Download these articles on carbon budgets, as a pdf

A global carbon budget is the total amount of carbon dioxide emissions that human activities across the world can be allowed to generate, in order to avoid excessive global warming.

Budgets vary, according to the degrees of temperature increase that are judged to be allowable, and according to how sensitive the climate is judged to be in response to carbon emissions: the greater the sensitivity, the smaller the budget has to be.

School students’ climate protest, 2019

Unfortunately, we do not know exactly how sensitive the climate is to carbon emissions, so budgets are calculated across the range of possible sensitivities.

The IPCC Special Report on Global Warming of 1.5 degrees provided a range of figures for the remaining global carbon budget in 2018 (Table 2.2 on page 108).

On the basis of the median climate sensitivity, the budget to limit warming to 1.5°C above pre-industrial levels was stated as 580 billion tonnes of carbon dioxide (580 GtCO2).
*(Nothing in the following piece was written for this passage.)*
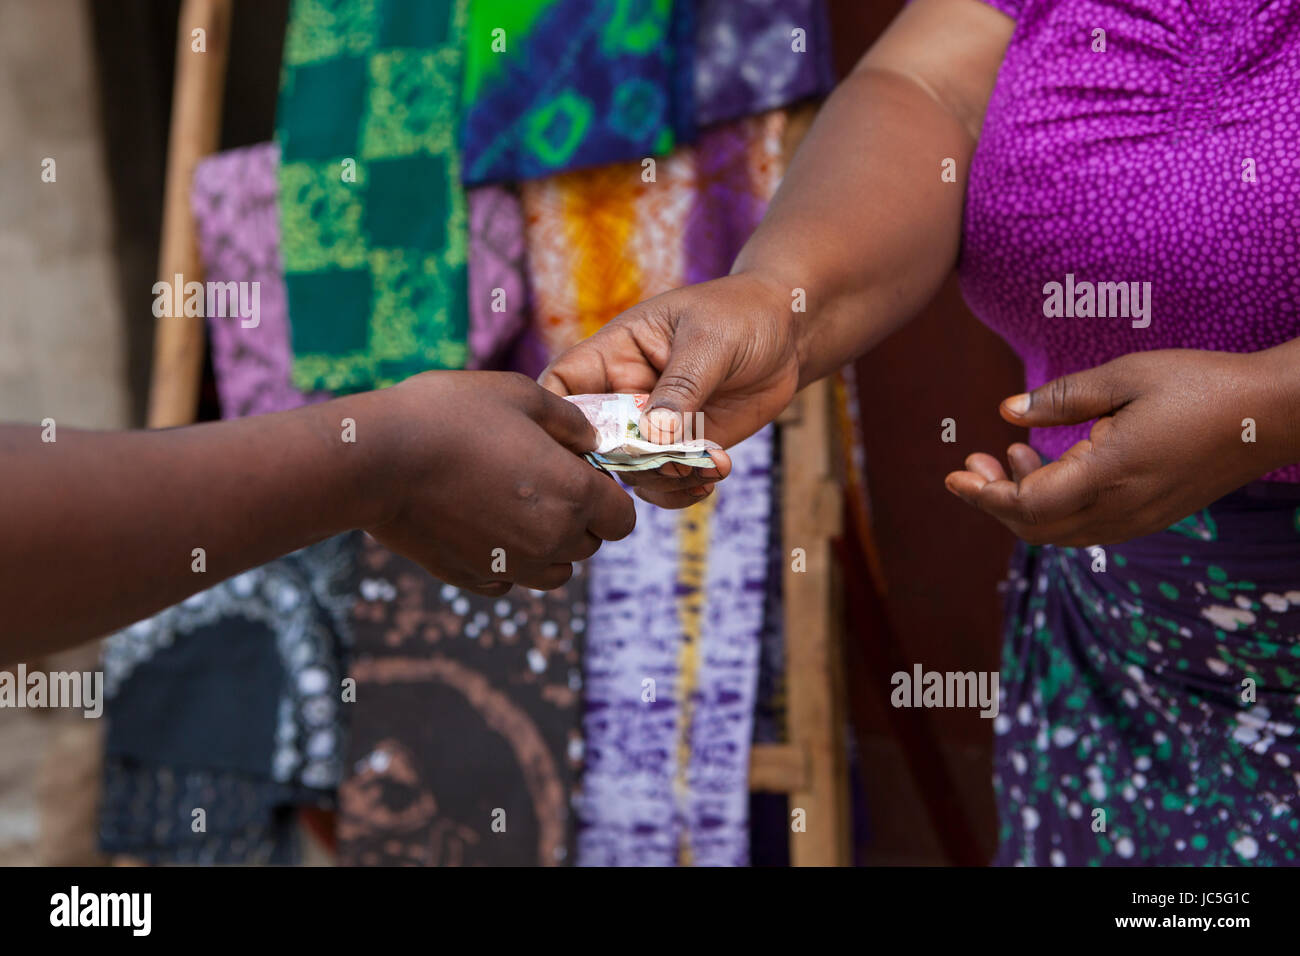 Female business woman in her shop, Tanzania, Africa Stock Photo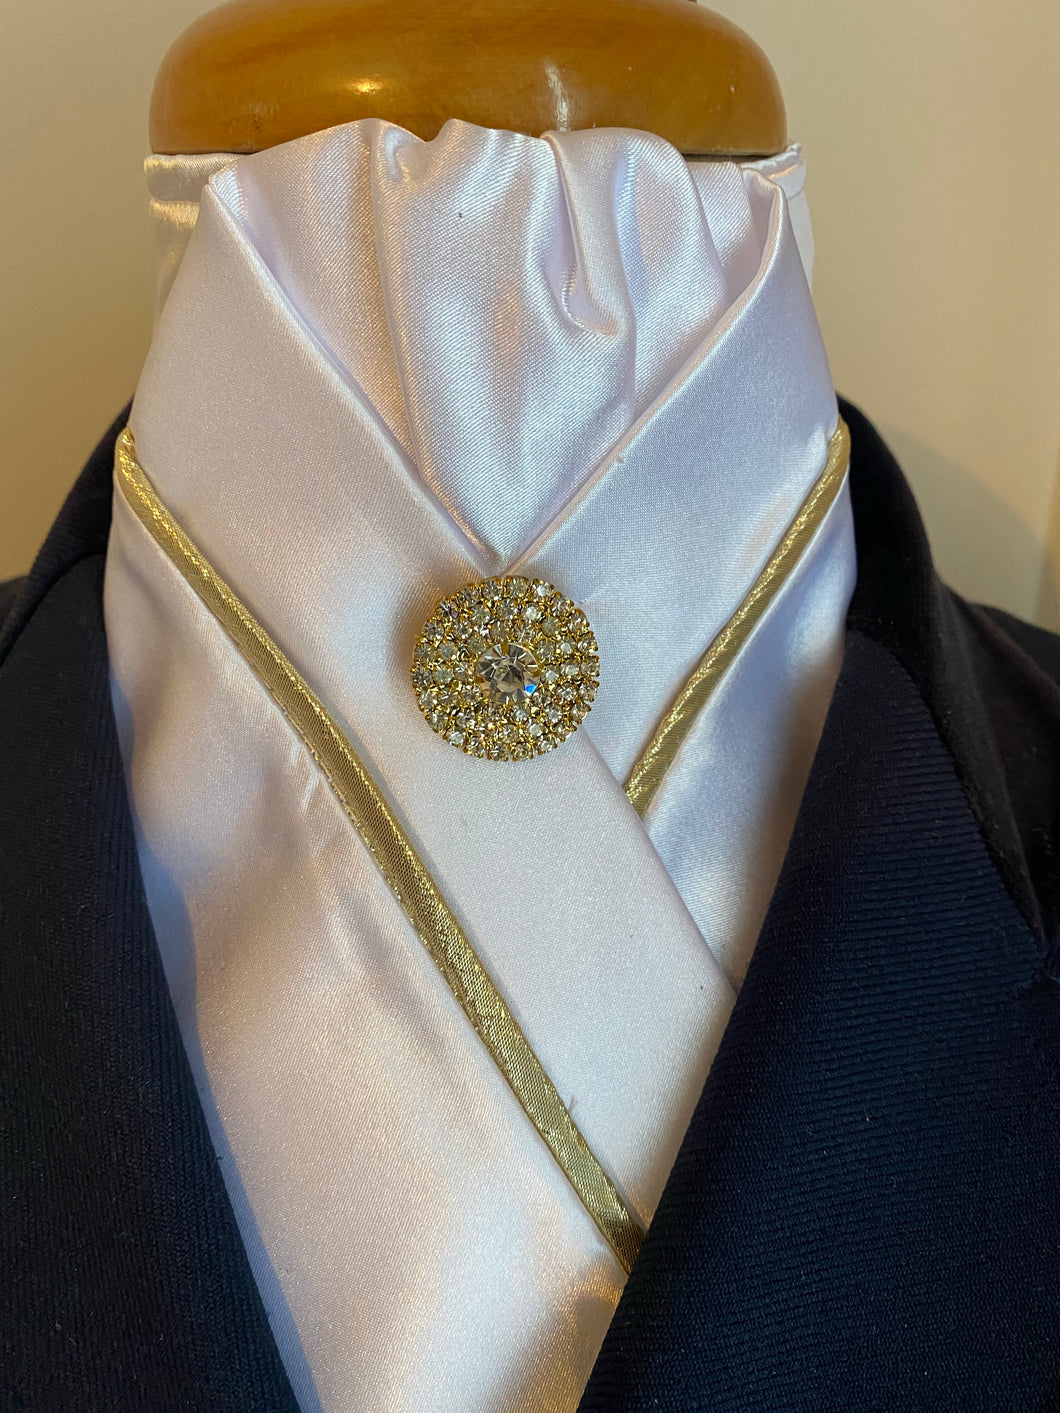 HHD White Custom Stock Tie Gold Piping with Rhinestone Pin

That means the world has a mere 50:50 chance of staying below 1.5°C.

Arguably, however, a higher level of climate sensitivity is required, to give the world at least a 66% chance of reaching the 1.5°C target. At this level, the carbon budget in 2018 was 420 GtCO2.

All economic and other human activity in the world currently emits approximately 40 GtCO2 per year, so the remaining budget today in 2021 is closer to 300 GtCO2. At this rate the budget would be fully spent before 2029.

The task here is then to calculate what might count as a fair share of this budget to be allocated to the UK.

The first problem is that the global budget is for carbon dioxide only: other greenhouse gases (GHGs) such as methane and nitrous oxide are calculated separately.

Methane has minimal long-term effect on the climate, but it is a powerful greenhouse gas in the short-term, which needs to be reduced to zero as soon as possible in order to minimise its contribution to peak warming (see CCC Sixth Carbon Budget report, page 372). Arguably, therefore, a fair carbon budget for the UK should take account of all GHGs.